» **Data shown**:
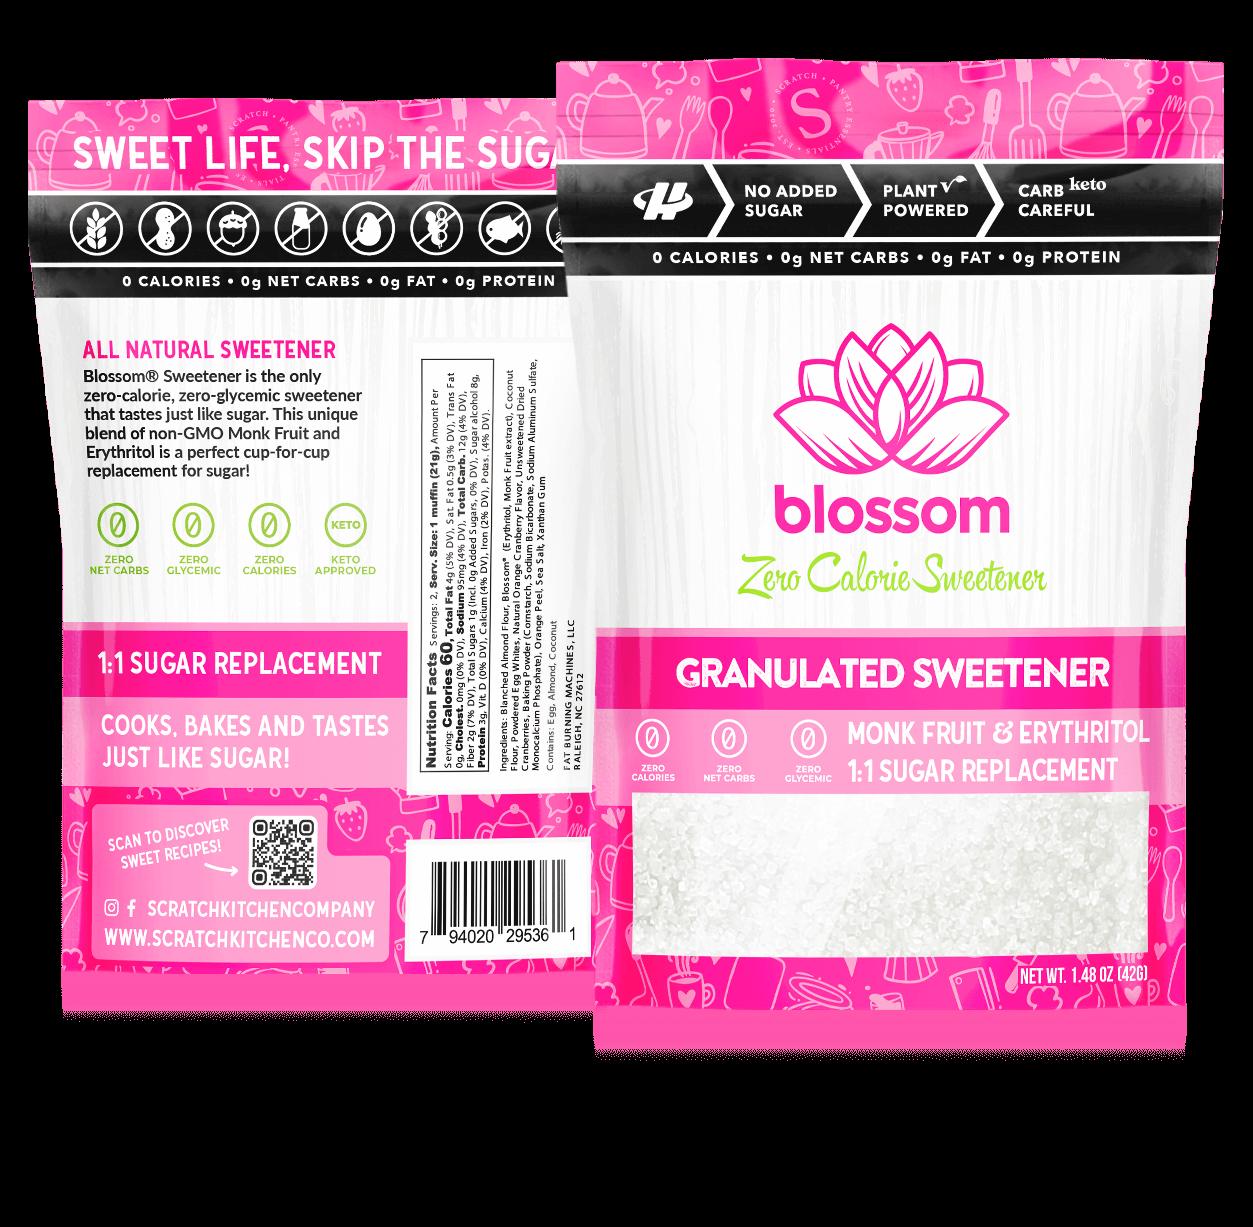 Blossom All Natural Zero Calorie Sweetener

==

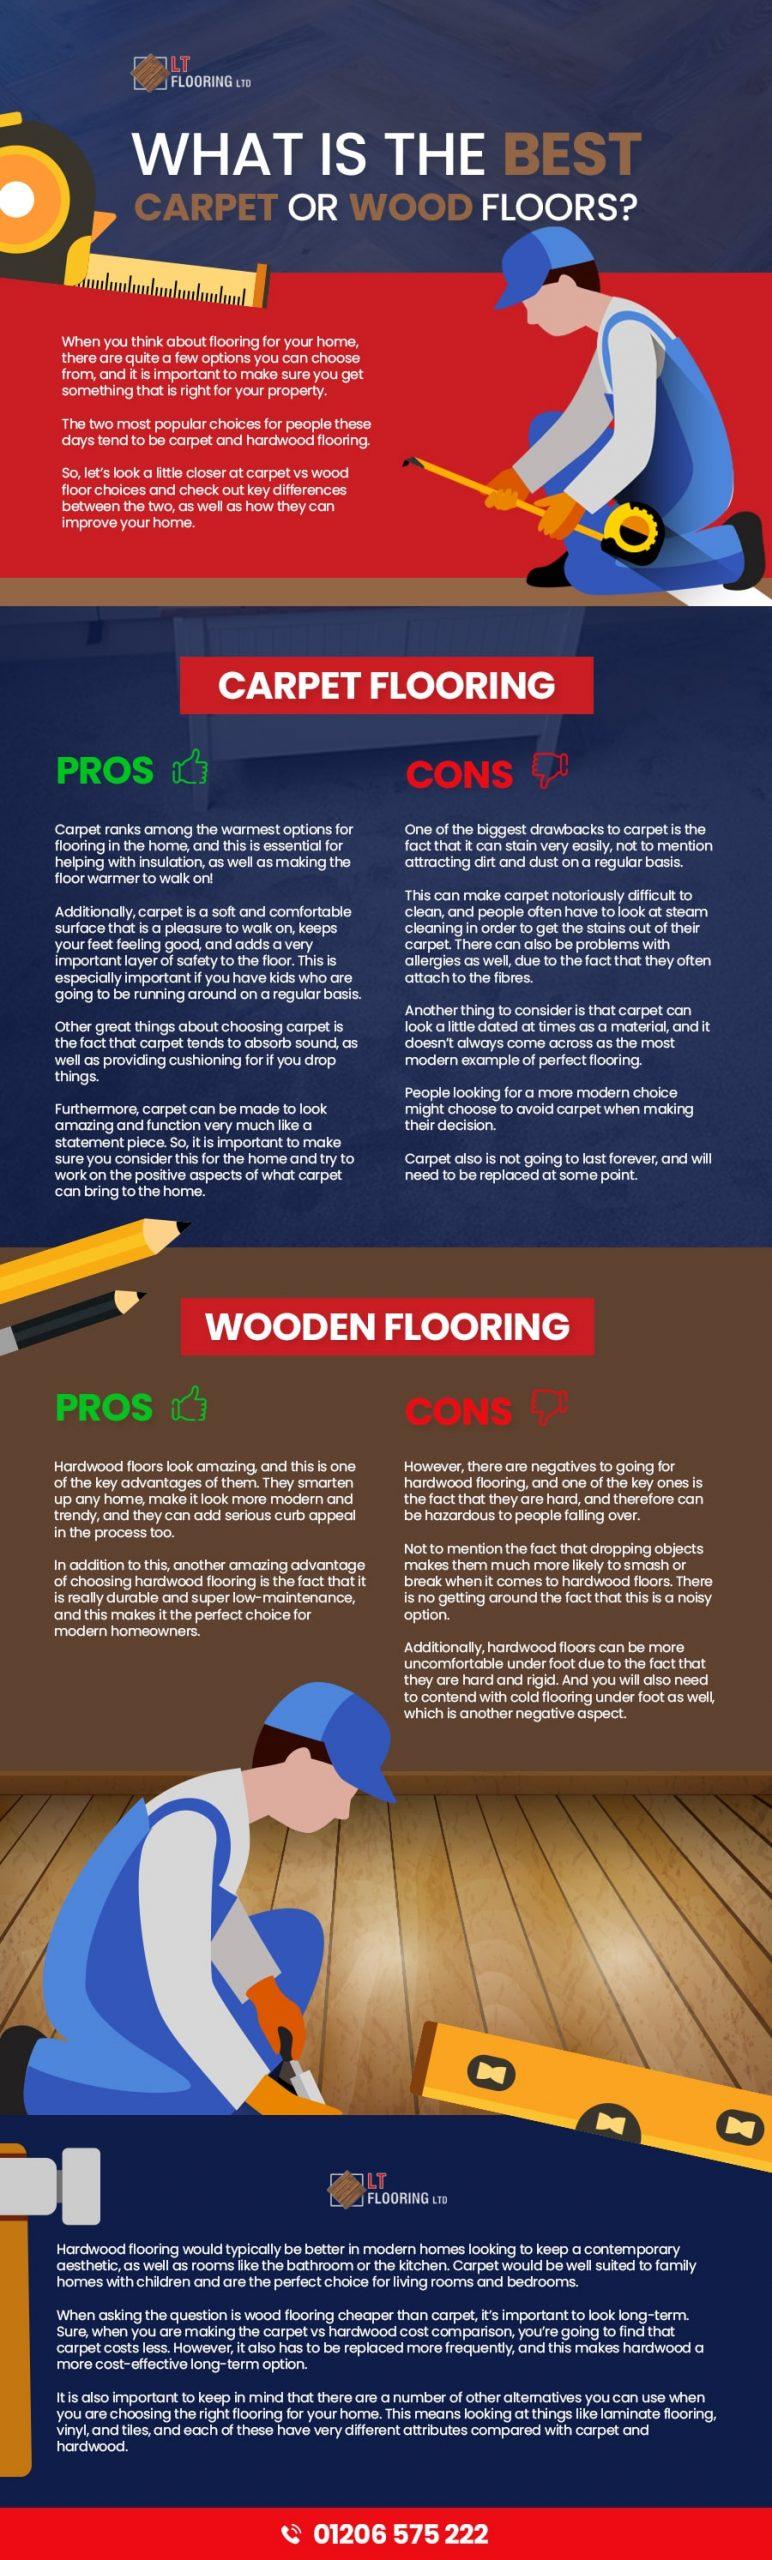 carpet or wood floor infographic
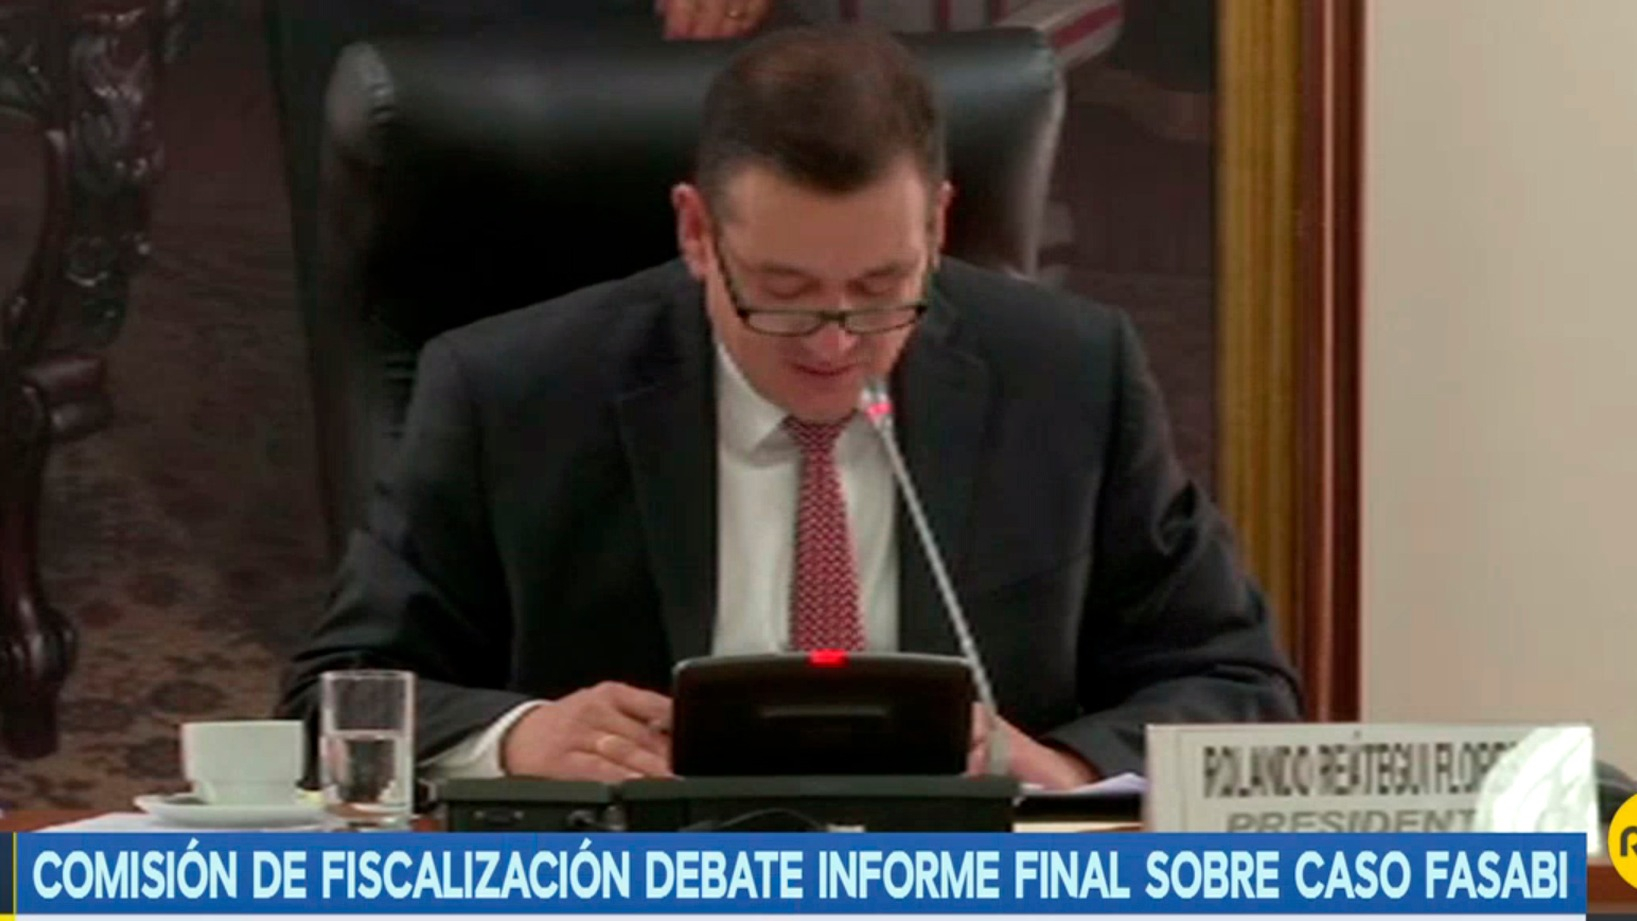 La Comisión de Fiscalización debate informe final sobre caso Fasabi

» **Exercise requirements**:
Using the records above, print exactly the run of lines that starts with the line with "carpet or wood floor infographic" and goes on through the line with "La Comisión de", pictures excluded.

» **Expected answer**:
 carpet or wood floor infographic
 La Comisión de Fiscalización debate informe final sobre caso Fasabi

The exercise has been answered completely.